The father's effects also included a medallion (later found to have originated in Yian-Ho) , "not quite circular, perhaps two inches across at its widest point." Despite its small size, the medallion bears a fantastically detailed engraving depicting "a burst of light beyond a horizon of strangely angled architectural structures, windowless towers and turrets whose unbalanced geometry made them seem both concave and convex." In the foreground are a host of figures who seem to be fleeing "the approach of some awesome event or Being":

One of them, anthropomorphic, the air elemental, strode above, his great feet hidden in the clouds, whilst the other—a vaguely octopoid shape, and yet also having features loosely manlike—slithered or flopped below. Both had faces, the expressions demoniac.


He later identifies these as the entities Ithaqua and Cthulhu; others are left as an exercise for the reader:

There was a black goat shape, satanic in its bipedal, upright flight; a mass of surging bubbles; a seething something that boiled forward upon the earth; a spider-thing of many jointed legs; a featureless, leathery slug thing; a heaving monstrosity of tossing tentacles, claws and eyes, oh, and others quite beyond my limited powers of description.

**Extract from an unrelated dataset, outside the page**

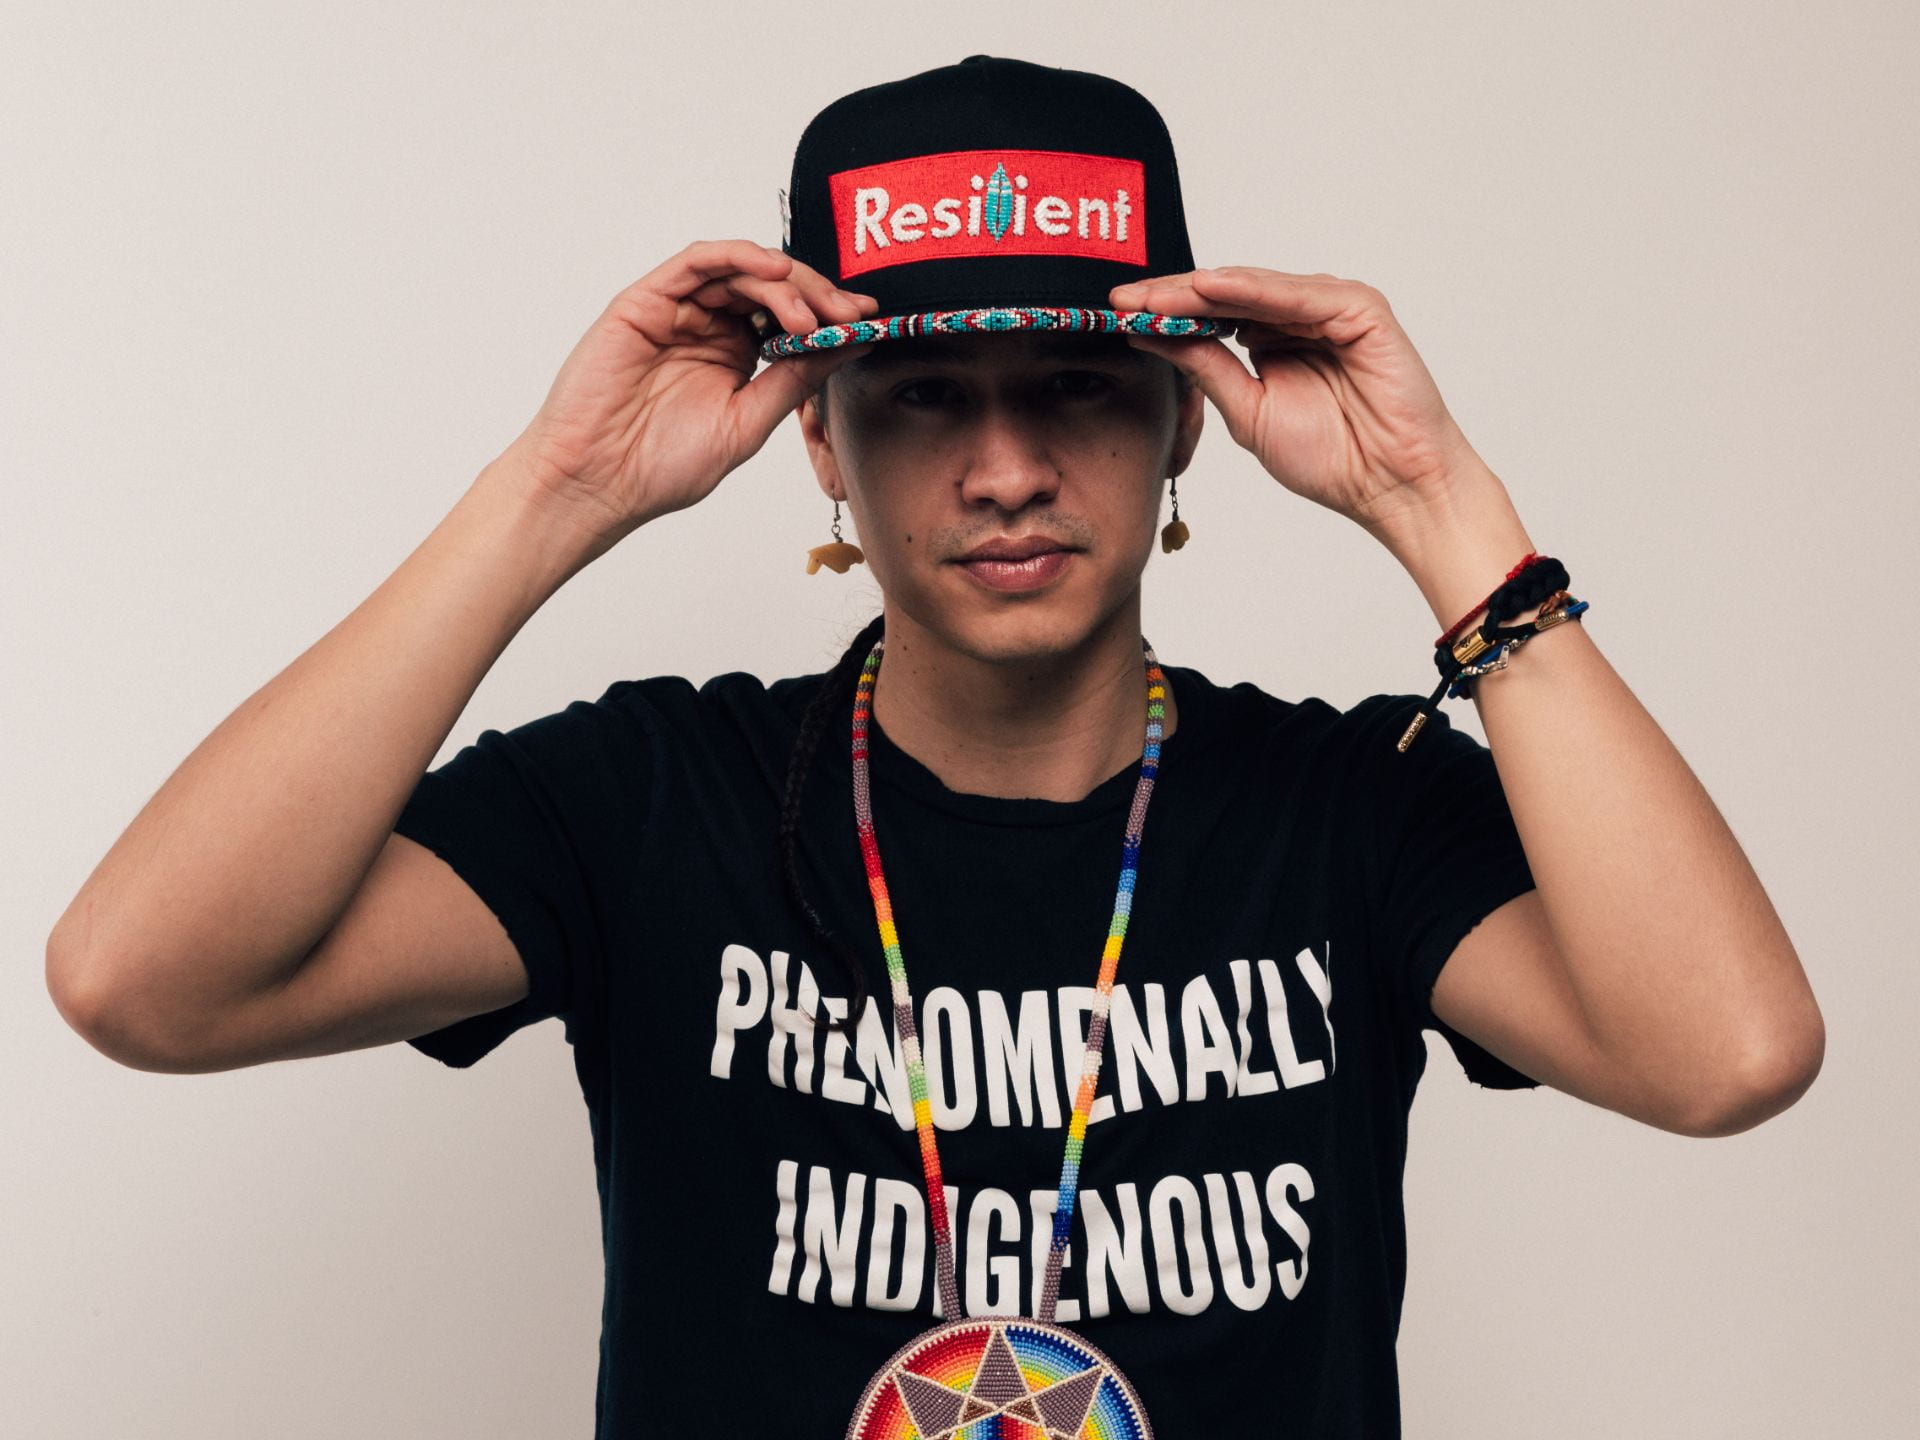 a photo of Frank Waln wearing a cap that says "Resist" in the "Supreme" style, and a t-shirt that says "Phenomenally Indigenous"

There is as well a letter to the father from his great-uncle Victor Gibson (c. 1835-1920), who was "a Professor of Anthropology, specializing in Ethnology and Mythology, at Heidelberg" until he retired in 1895. It turns out that Typer was a student of his, and that he is the V__ mentioned in Typer's diary as the source of forbidden knowledge. Uncle Victor warned his nephew, "There’s that in your blood which is bad," and that if he feels an attraction to the Yian-Ho medallion--"the soul-symbol of Those Who Wait and Whisper in Darkness and in Dreams, Those Who are Chained but will be Free"--then he should "destroy it at once if you can, and once and for all turn your eyes from the course of dark learning." Though he reflects, sensibly enough: "If the blood runs true in your veins my warning will be of little use. It may well have the opposite effect."

The culminating revelation is that John's parents made their own visit to the van der Heyl house outside Attica, New York, where they had their own encounter with an eldritch horror--an encounter that occurred nine months before Gibson's own birth.

Putting two and two together, John travels to the Hammersmith Institute for the Mentally Disturbed, where his mother Evangeline Gibson has been an inmate, to confront her with what he has deduced about his parentage. Left with no choice, she uses the Runes of Exorcism on him, which kills her and reduces him to "sticky stains".